**GIVEN DATA**
----

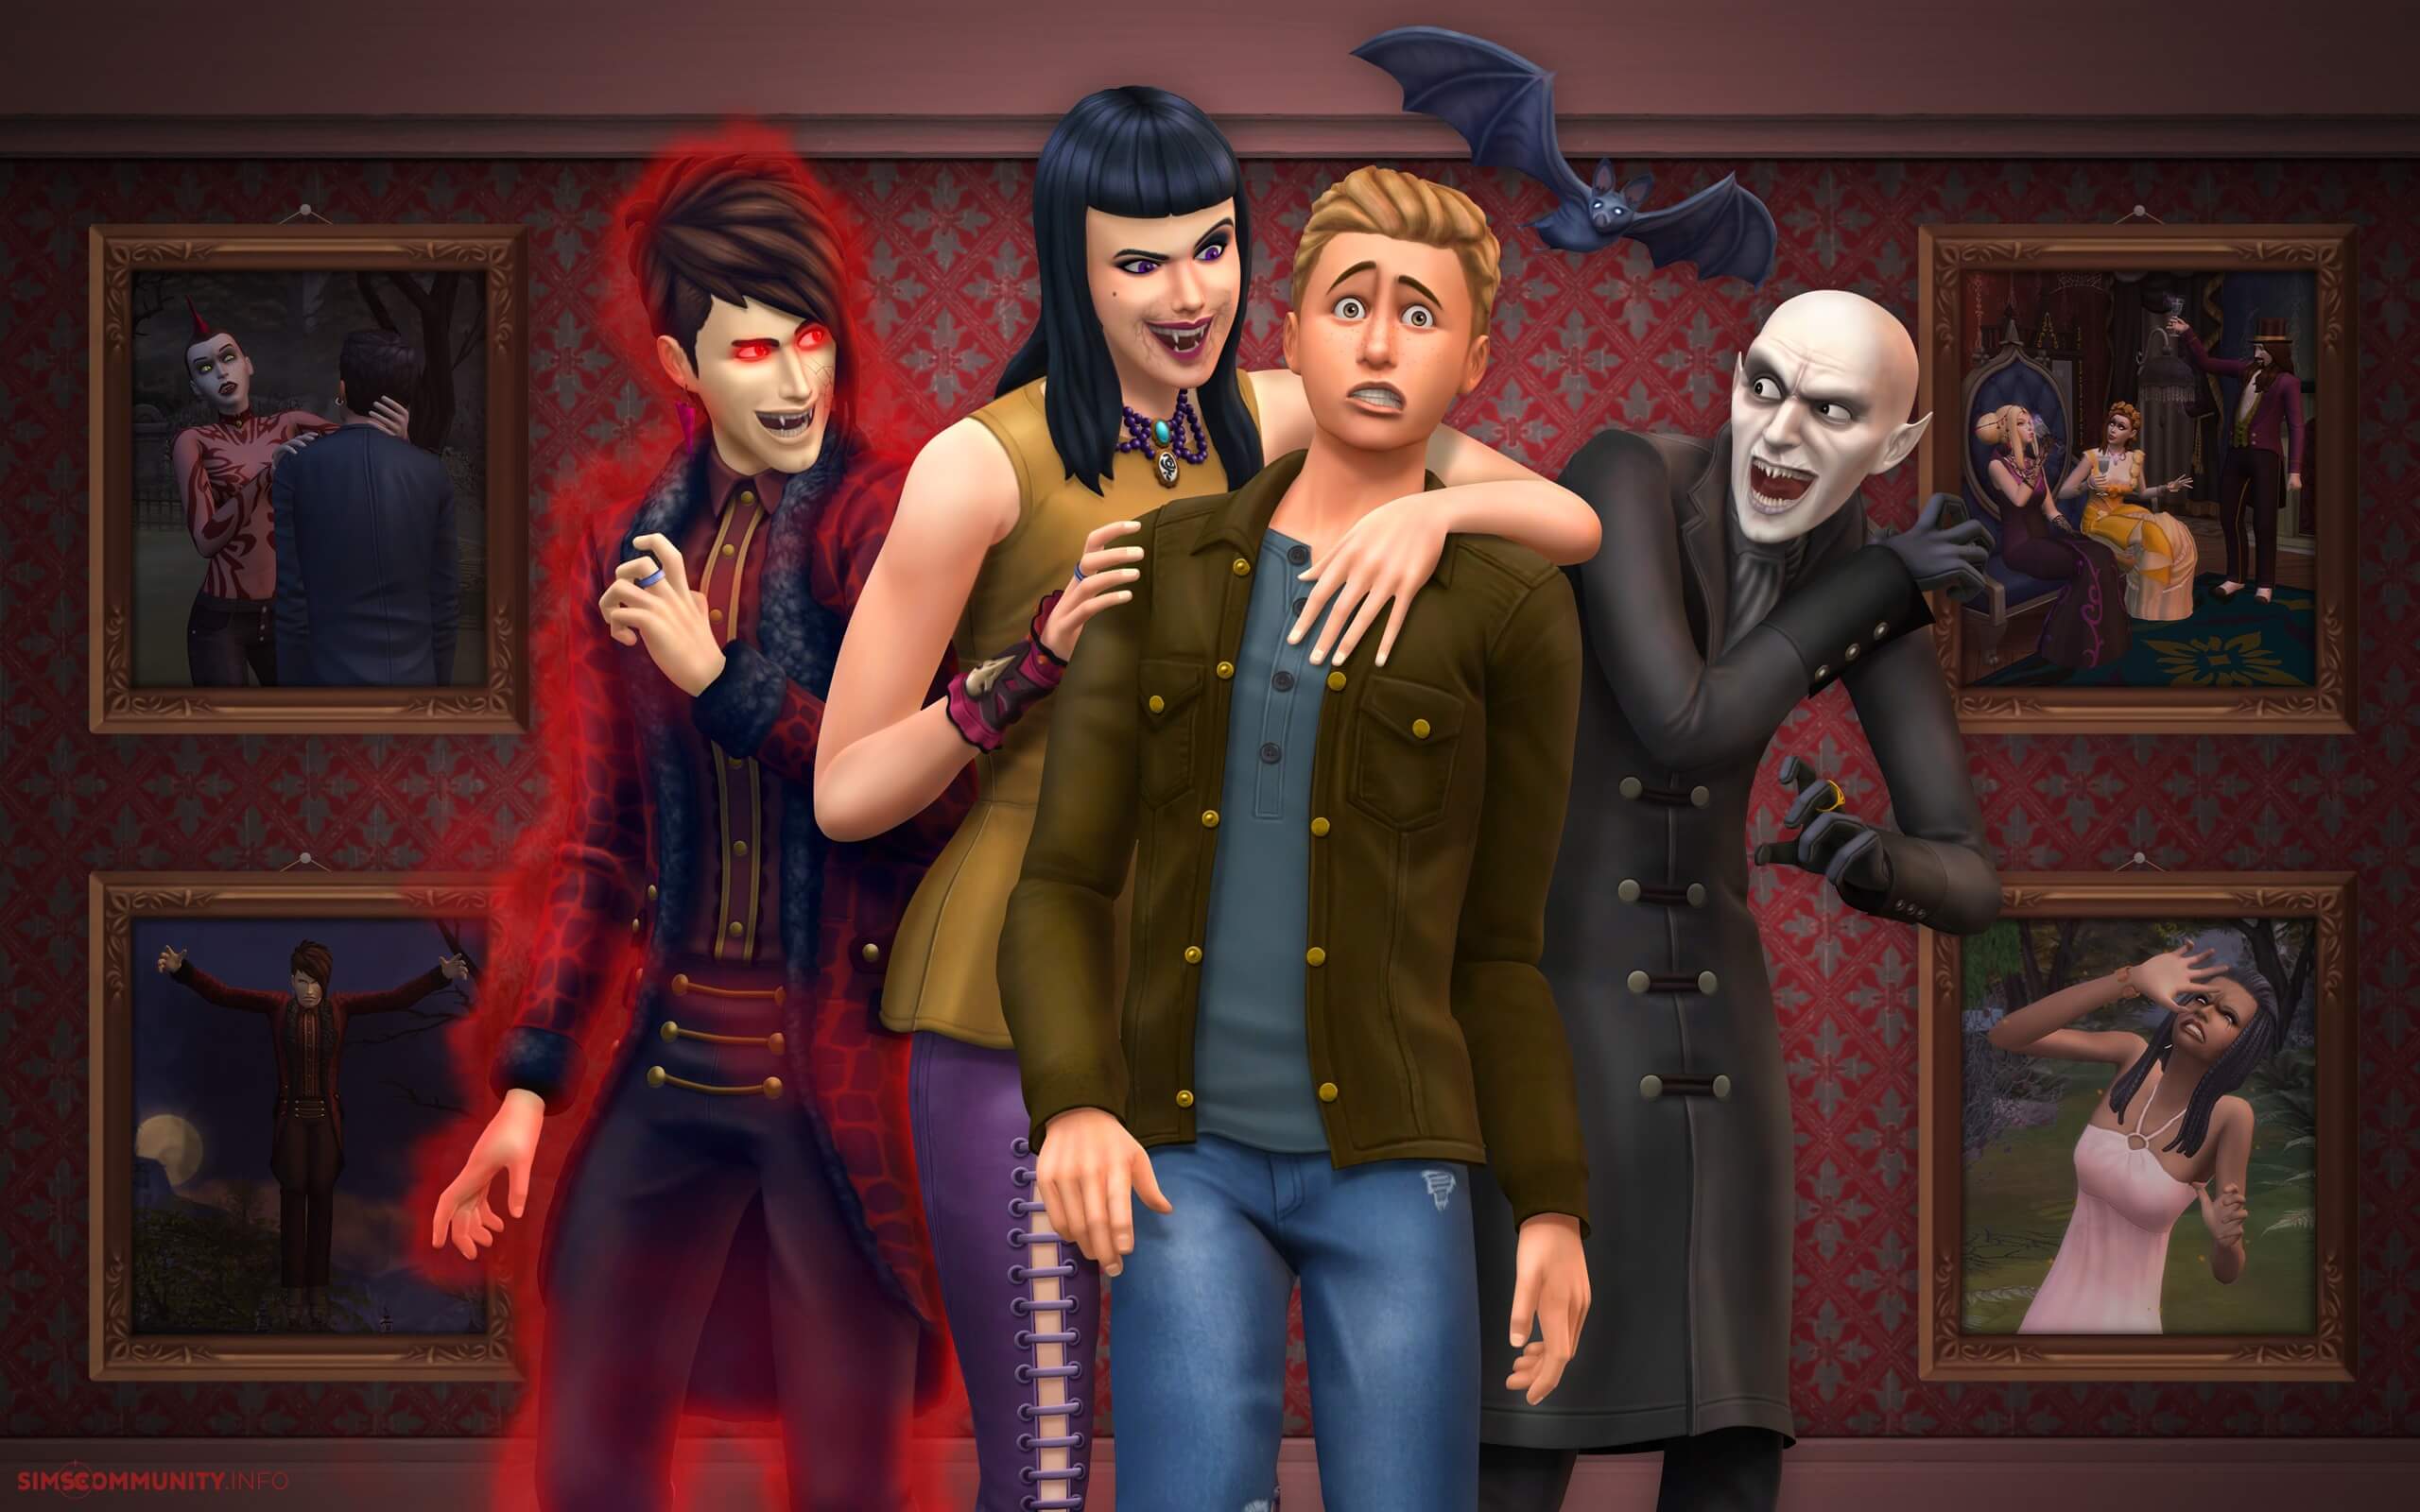 Vampires Can Slay Interaction The Sims 4 Mods Traits The Sims 4
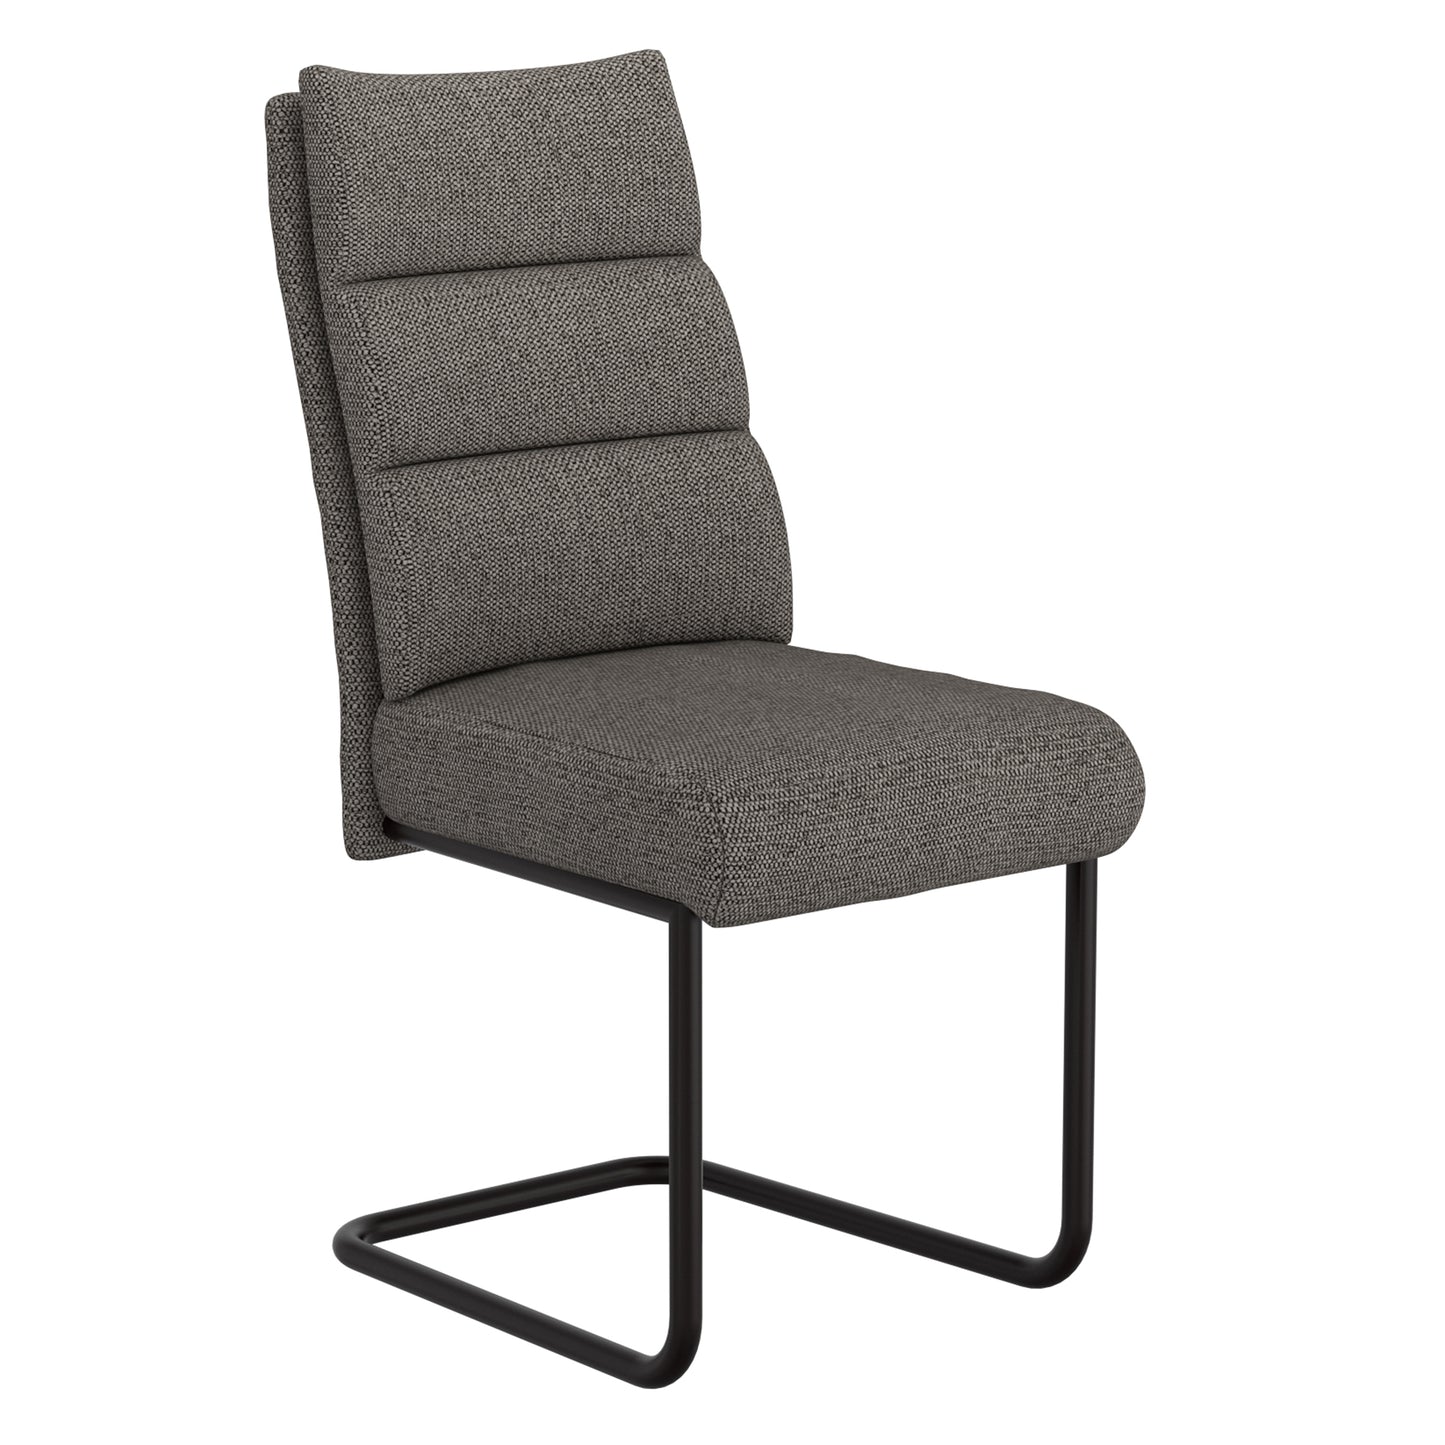 Brodi Dining Chair, set of 2, in Charcoal and Black
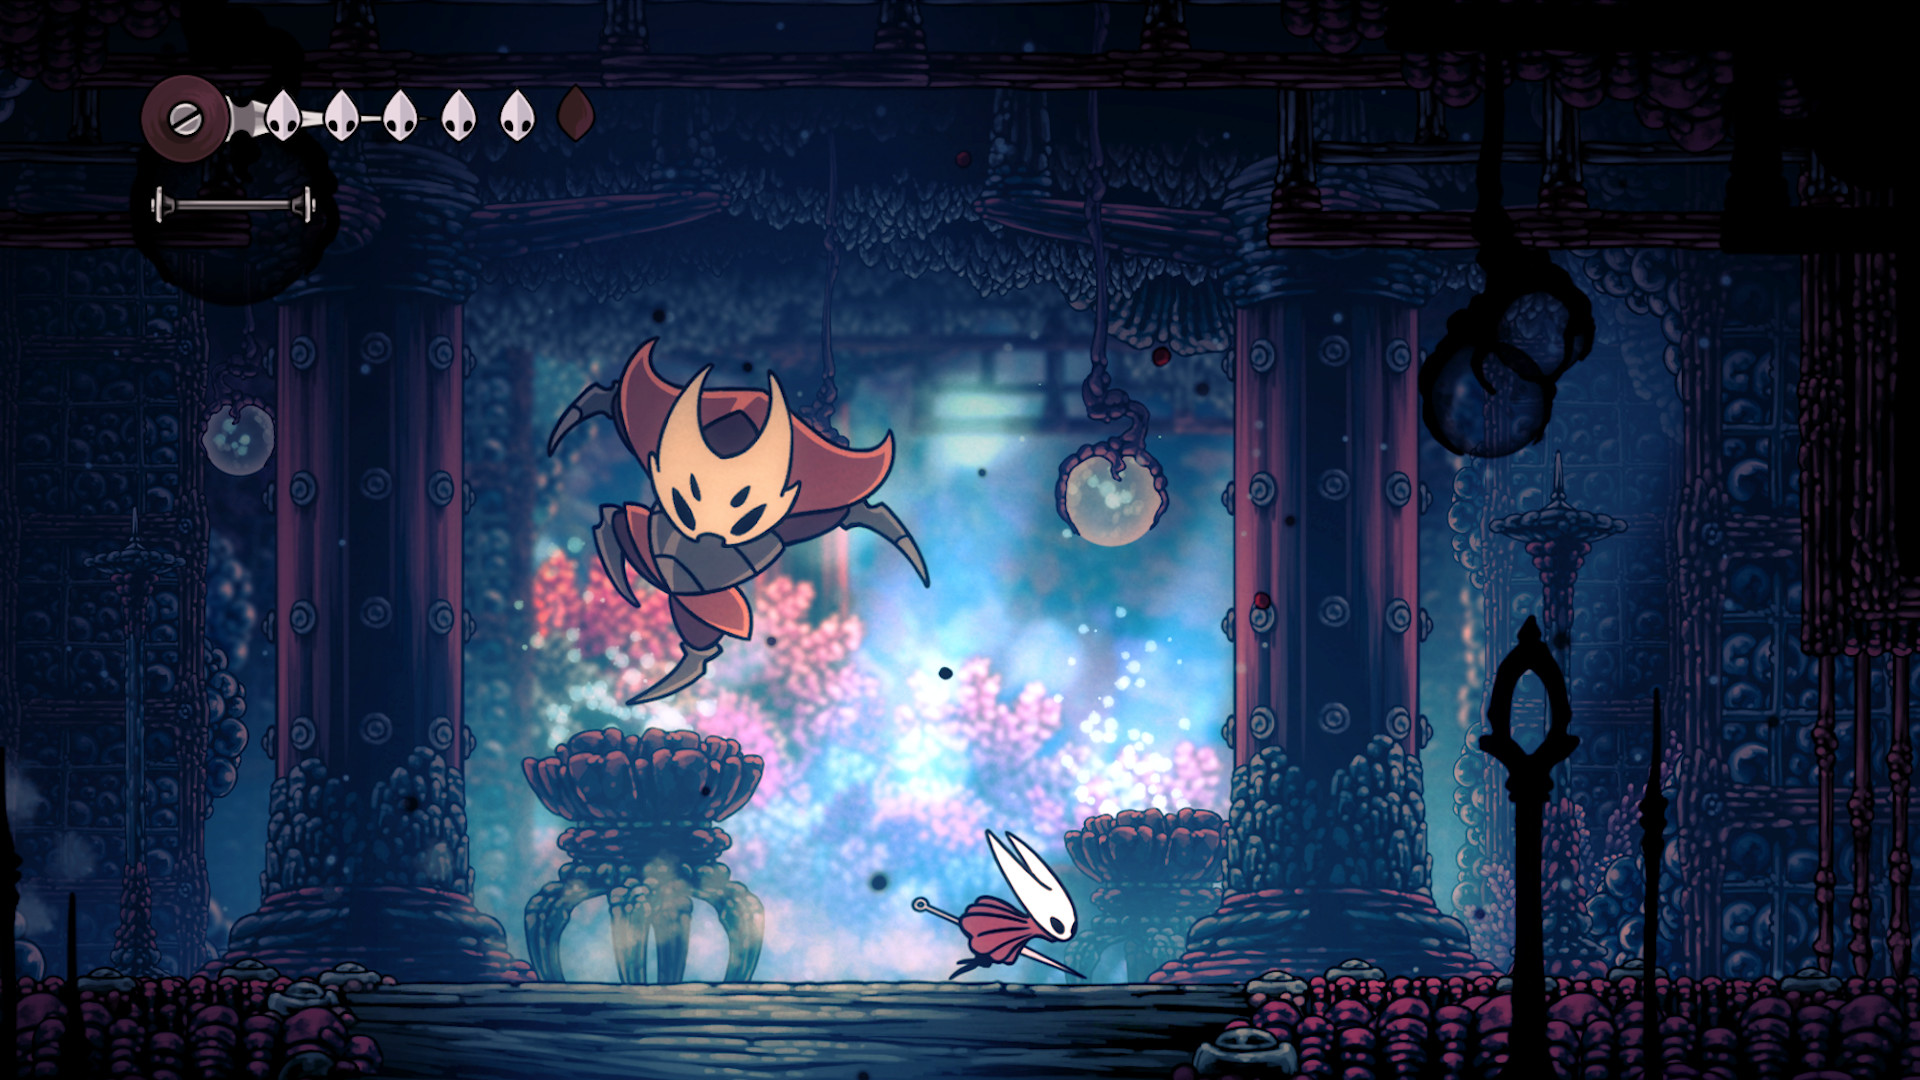 Indie Games to Watch in 2020: Platformers and Metroidvanias

----

Exactly repeat every line from the line that includes "Brodi Dining Chair, set" to the end of the listing, and nothing else, leaving pictures out.

**RESULT FOR THIS TASK**
 Brodi Dining Chair, set of 2, in Charcoal and Black
 Indie Games to Watch in 2020: Platformers and Metroidvanias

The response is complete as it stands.